Fellow: Awarded 2012
Field of Study: American Literature

Competition: US & Canada

University of Maryland

From the late 1970s to the present, I have been passionate about doing interdisciplinary cultural and historical work on nineteenth-century American literature. There have been broad consistencies in my career, and re-energizing shifts and surprises, particularly the move that I made in the early 1990s into African American literary studies, while retaining my interests in Melville, Hawthorne, and other key nineteenth-century writers. My current book project on Frederick Douglass, “The Lives of Frederick Douglass,” which aspires to offer a cultural history of how Douglass’s life has been conceived over the past 170 years, draws on a longstanding fascination with Douglass. My first Douglass essay appeared in 1991; my first book with a focus on Douglass appeared in 1997; and my most recent essays and books with a Douglass focus were published between 2008 and 2010. As part of my interest in making more of Douglass’s writings available to 21st-century readers, I added new texts to the Douglass section in The Norton Anthology of American Literature, 1820–1865, which I edit, and I have recently joined the team working on the Douglass Papers and, with John Stauffer, will be coediting two volumes for Yale University Press’s Frederick Douglass Papers, including a classroom edition of Douglass’s novella, “The Heroic Slave.”

I am Professor of English and Distinguished-Scholar Teacher at the University of Maryland, College Park.

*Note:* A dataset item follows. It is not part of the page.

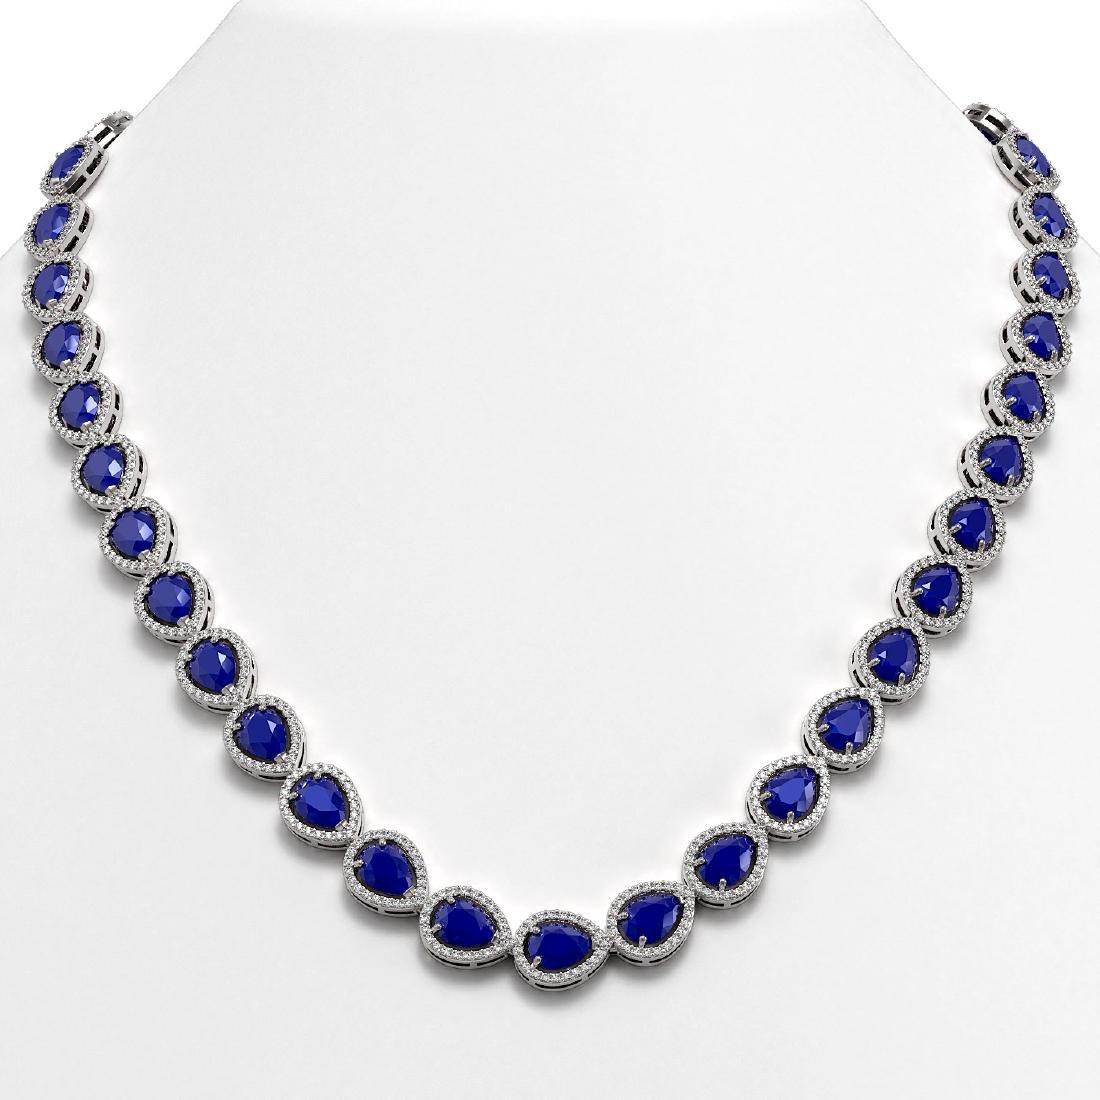 45.93 CTW Sapphire & Diamond Halo Necklace 10K White

My books include Conspiracy and Romance: Studies in Brockden Brown, Cooper, Hawthorne, and Melville (1989), Martin Delany, Frederick Douglass, and the Politics of Representative Identity (1997), and Dislocating Race and Nation: Episodes in Nineteenth-Century American Literary Nationalism (2008). I also very much enjoy editing essay collections and books, and have a particular interest in making lesser-known authors and texts available to wider audiences. Recent editions include Hemispheric American Studies (2008), coedited with Caroline Levander; Frederick Douglass and Herman Melville: Essays in Relation (2008), coedited with Samuel Otter; a Bedford Cultural Edition of William Wells Brown’s Clotel (2nd edition, 2011); and The Works of James M. Whitfield: “America” and Other Writings by a Nineteenth-Century African American Poet (2011), coedited with Ivy Wilson. I serve on the editorial boards of American Literary History; Leviathan: A Journal of Melville Studies; ESQ: A Journal of the American  Renaissance; Authorship; The Frederick Douglass Papers; and The Nathaniel Hawthorne Review; and I was recently named the new General Editor of the five-volume The Norton Anthology of American Literature.